Василий Игнатьев выполнил приказание, хотя и с некоторым опозданием. В 1712 году из Удского острога, который находился выше устья реки на девяносто километров, отправился на Шантары казак Иван Быков с небольшим отрядом. Плыли они на двух набойных лодках.
Быстрая у острога, река Уда по мере приближения к морю становилась все спокойнее и спокойнее; в море она впадала тремя рукавами, между которыми лежали низкие острова, заросшие мелким кустарником и травой. Юго-западный угол Охотского моря по ледовым условиям — самый тяжелый: льды там держатся до июля. Поэтому казаки предпочли вести свои лодки вдоль невысоких лесистых берегов, на которых в огромном количестве валялся выброшенный морем плавник. Казаки не спешили — заходили в многочисленные речки, отдыхали и, пополняя рыбой съестные припасы, неводили, перегораживая сетями узкие ручьи.

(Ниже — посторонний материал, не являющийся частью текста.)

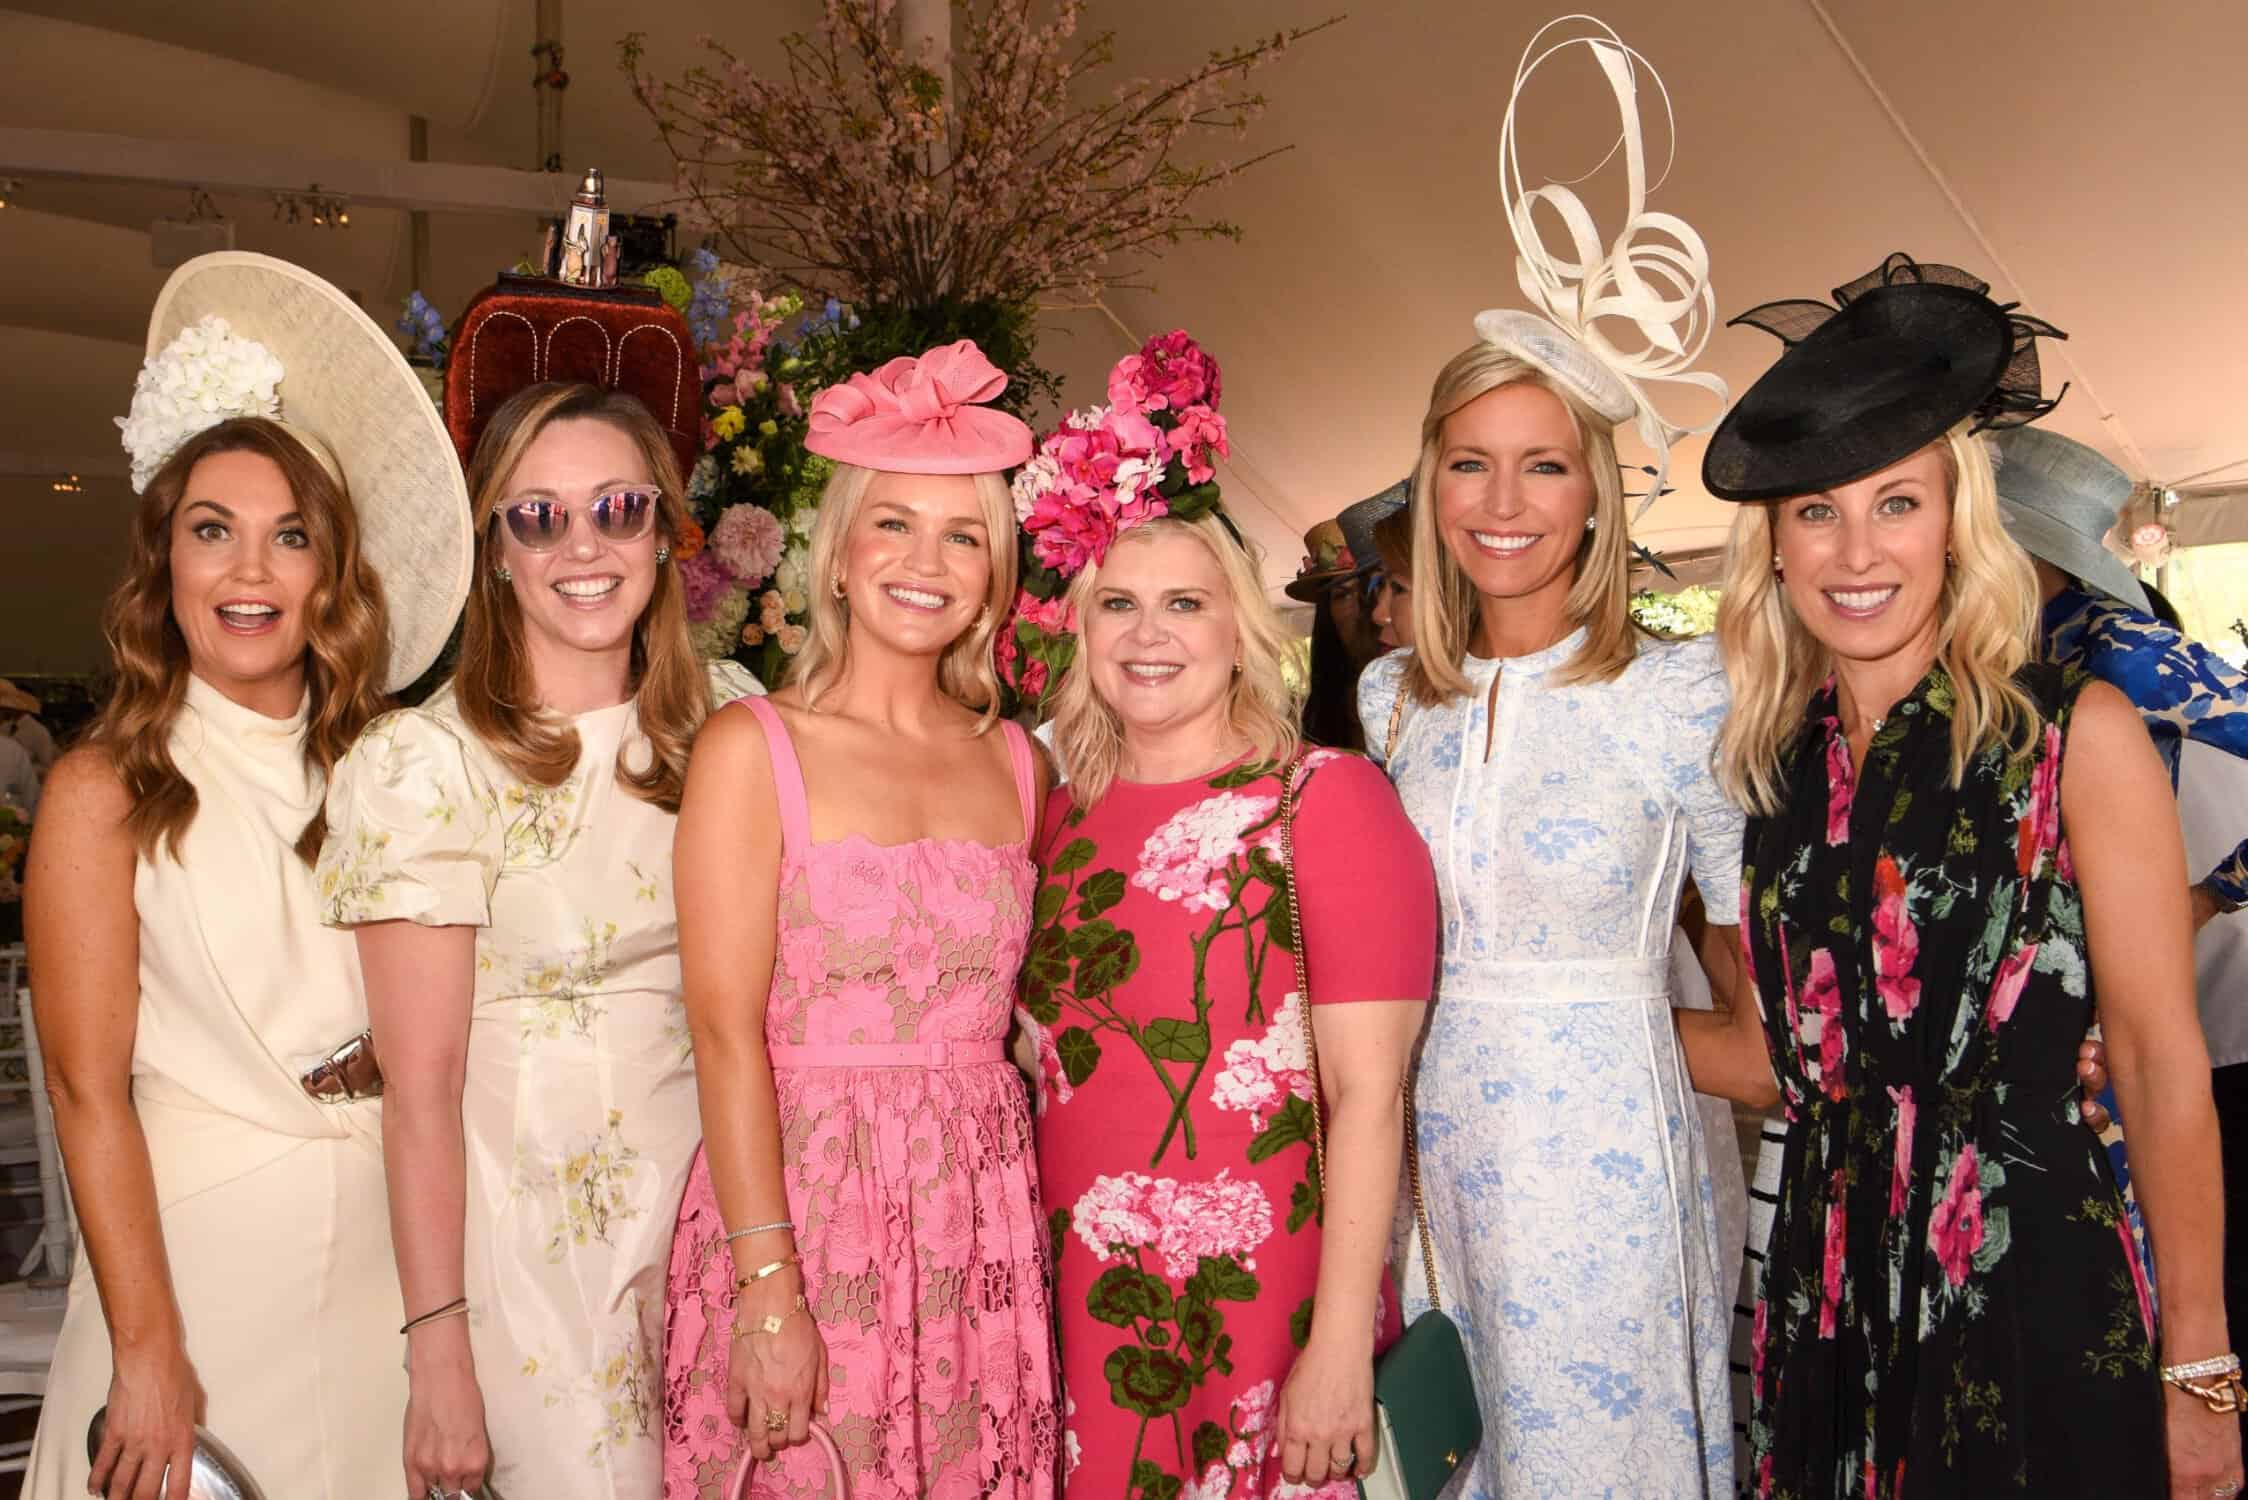 Central Park Conservancy, Women's Committee, luncheon, events, Dustee Jenkins, Erin Nance, Lizzy Quick, Whitney Mogavero, Ainsley Earhardt, Stefanie Alfond

До устья Тугура, что впадает в Тугурский залив, казаки добирались семь недель. Там они остановились, чтобы запасти рыбу на зиму. Через некоторое время отряд Ивана Быкова догнали Семен Анабара, назначенный приказчиком Шантарских островов, и служилый человек Матвей Федоров. Семен Анабара принял у Быкова людей и припасы (Иван Быков остался в отряде рядовым) и срочно стал строить лодки — «шитики» (доски в них «сшивались» тальниковыми прутьями, «вицами», и ремнями, отсюда их название). Этот тип судов заменил к концу XVII столетия испытанные в тысячах походов кочи землепроходцев.
Должно быть, неводьба на Тугуре в тот год шла не очень, удачно: шитики казаки построили, но из-за «бескормицы» переправиться осенью на Шантары не рискнули. Зазимовали они на материке.
Семен Анабара оказался казаком расторопным, энергичным. В мае 1713 года, едва морские течения и ветры «отжали» зимние льды от берегов, он вывел оба шитика из устья реки и поплыл дальше вдоль Тугурского полуострова. Теперь справа от казаков возвышались Скалистые обрывы. Они тянулись монолитной стеной, и лишь кое-где к морю выходили узкие лесистые пади с небольшими речками, которые водопадами спадали в море. Иногда ветры вновь «прижимали» льды к берегу, и тогда казаки терпеливо дожидались улучшения ледовой обстановки. Путь вдоль Тугурского полуострова занял у них четыре недели.
А потом, покинув мыс, который теперь носит имя древнеримского философа Сенеки, они вышли в узкий, но бурный пролив, ныне именуемый Линдгольм. Издали казалось, что пролив мелок, что повсюду над подводными скалами вскипают буруны; казаки то и дело измеряли шестами глубину. Впрочем, опасения их были напрасны: подводных рифов в проливе Линдгольма нет, там приливные течения сталкиваются с течениями, выходящими из-за островов, и образуются мелкие беспорядочные волны — сулой — и водовороты.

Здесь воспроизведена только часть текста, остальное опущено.